#### Data extract
Content starts

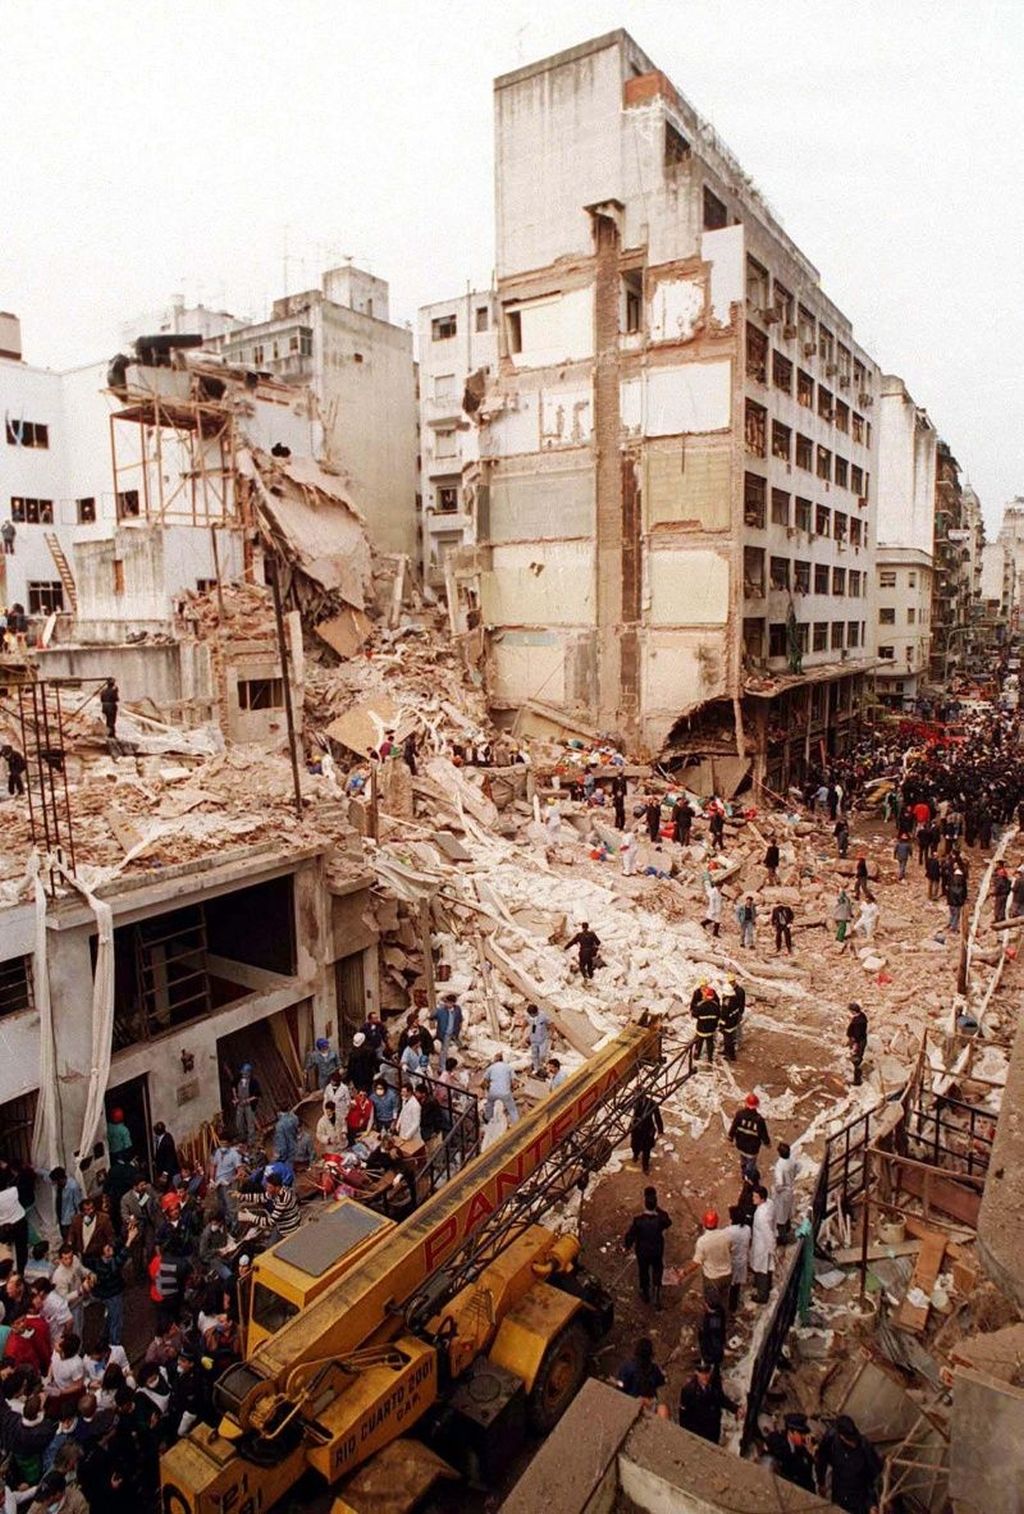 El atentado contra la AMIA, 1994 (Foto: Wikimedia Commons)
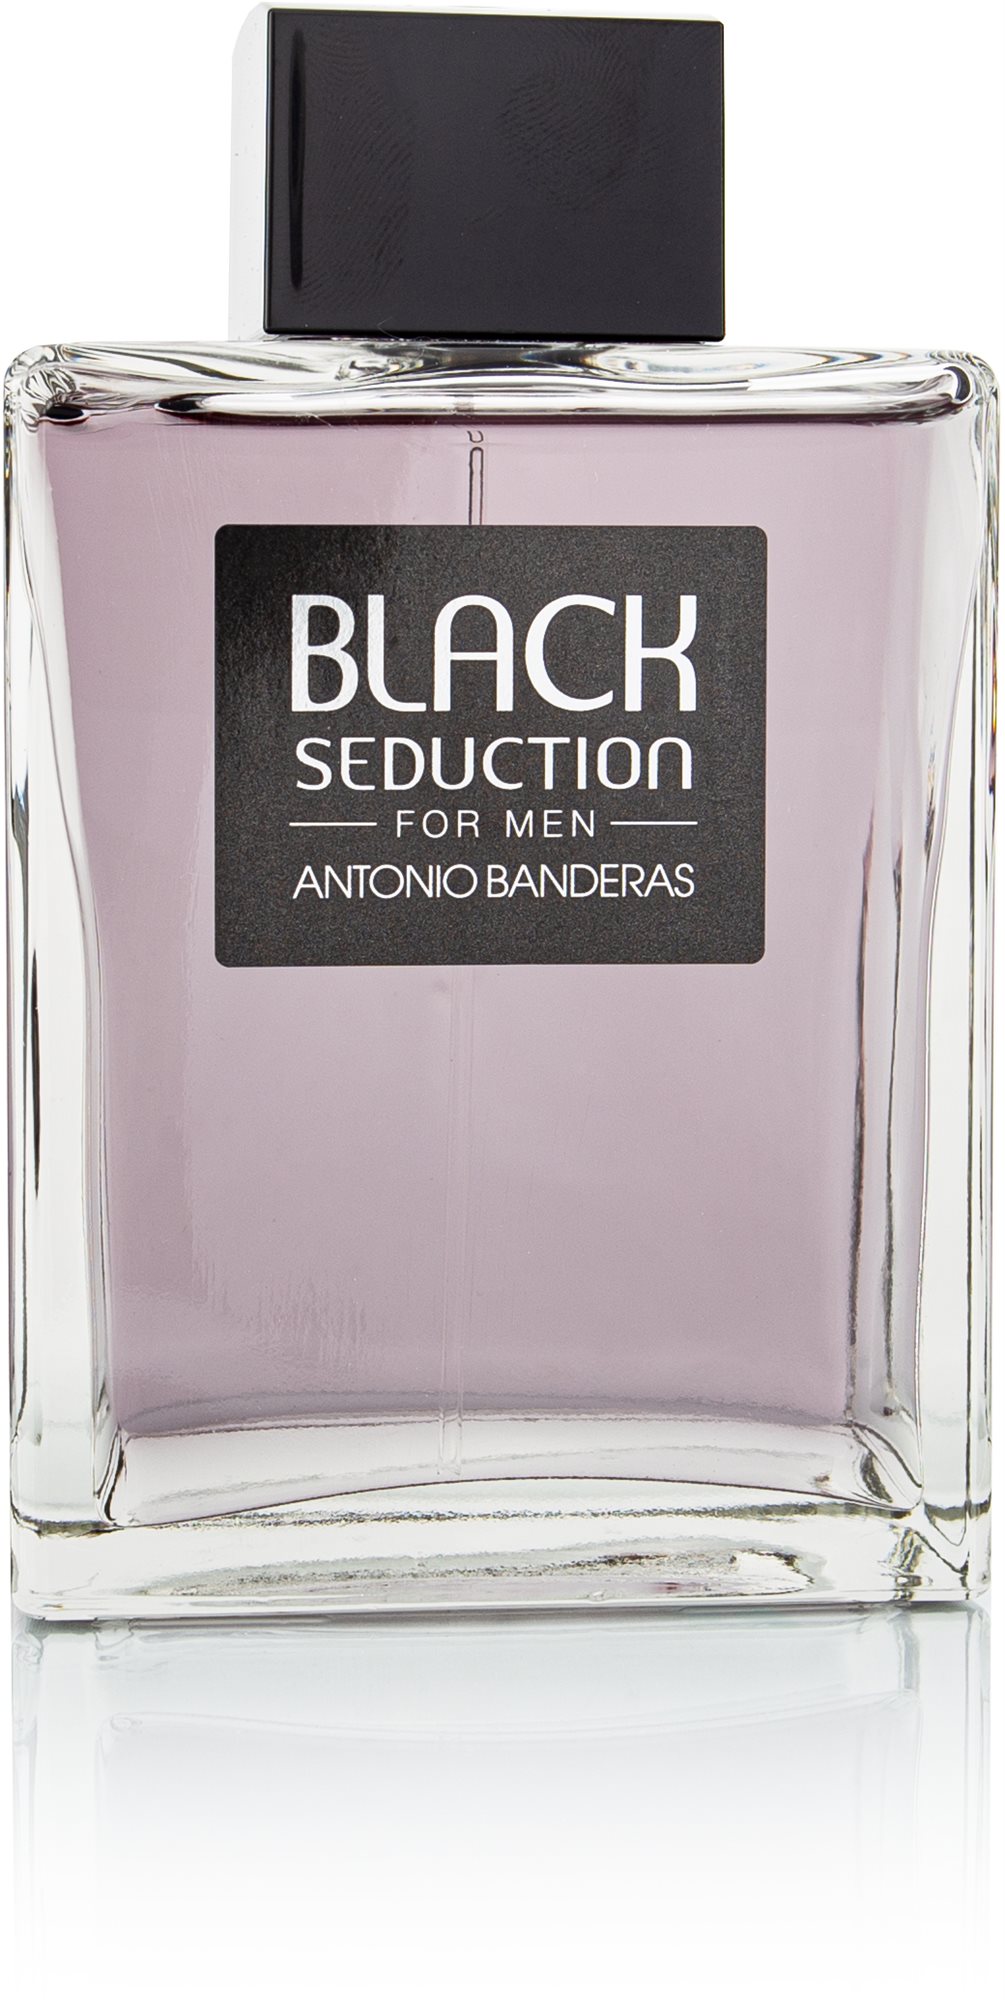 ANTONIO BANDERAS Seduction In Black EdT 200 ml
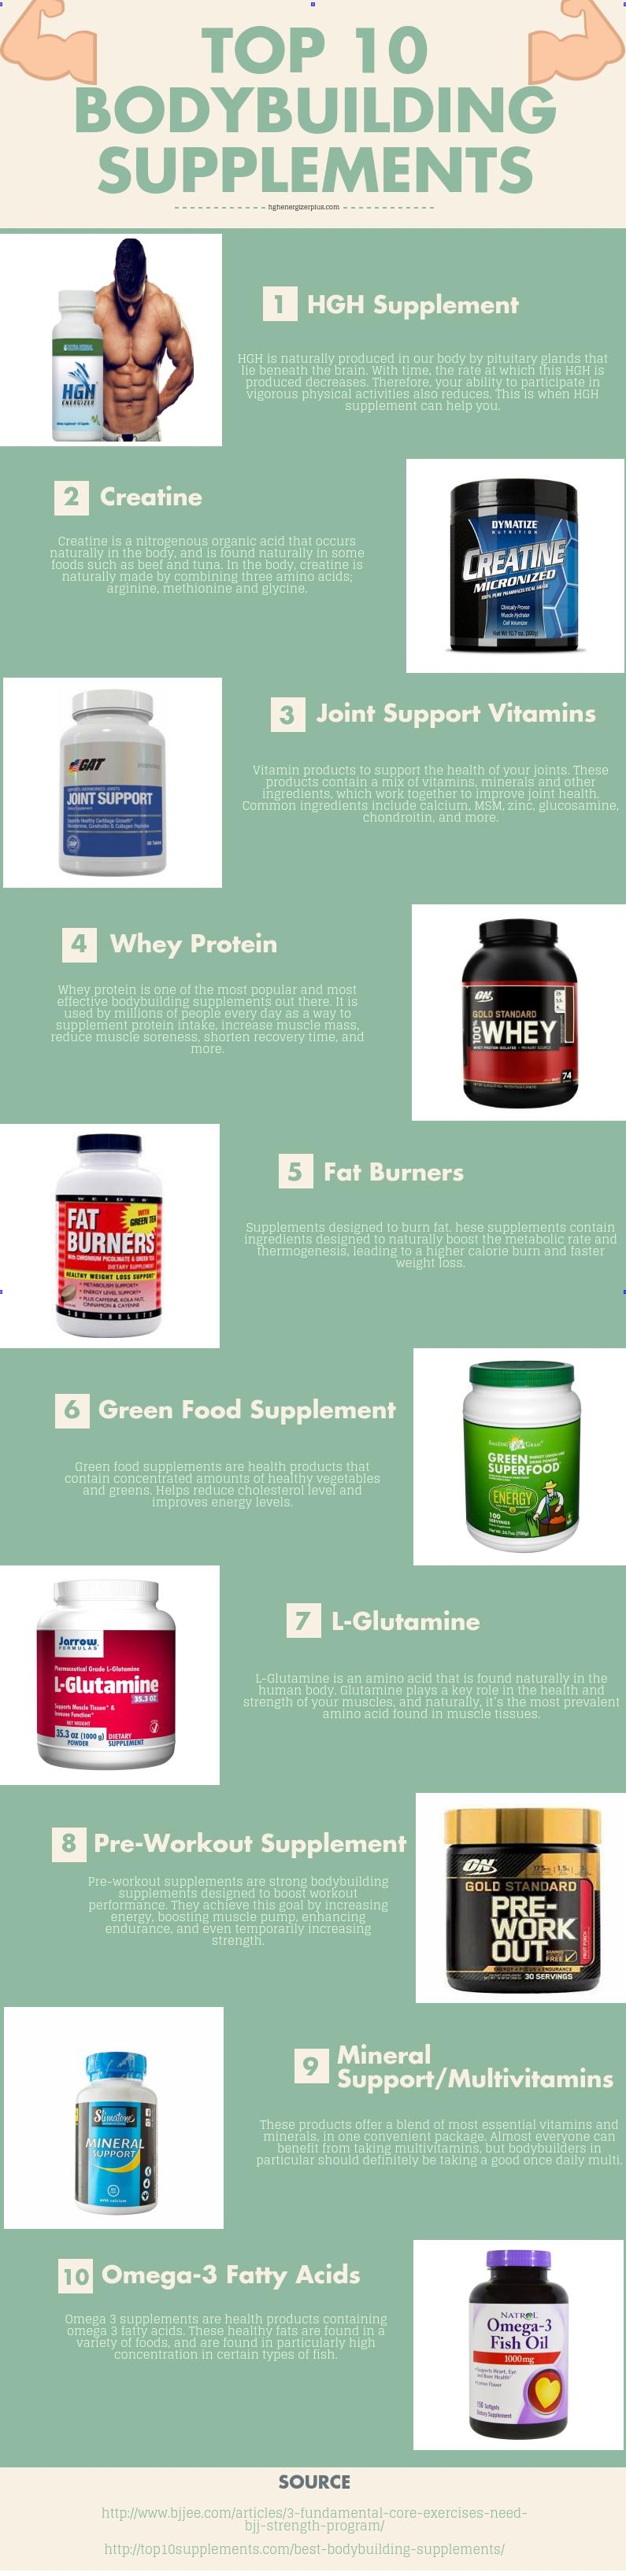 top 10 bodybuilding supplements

Content ends

#### Work request
Without the pictures, transcribe the lines from the one containing "ANTONIO BANDERAS Seduction" through the end of the data, exactly and only those.

#### Exercise result
 ANTONIO BANDERAS Seduction In Black EdT 200 ml
 top 10 bodybuilding supplements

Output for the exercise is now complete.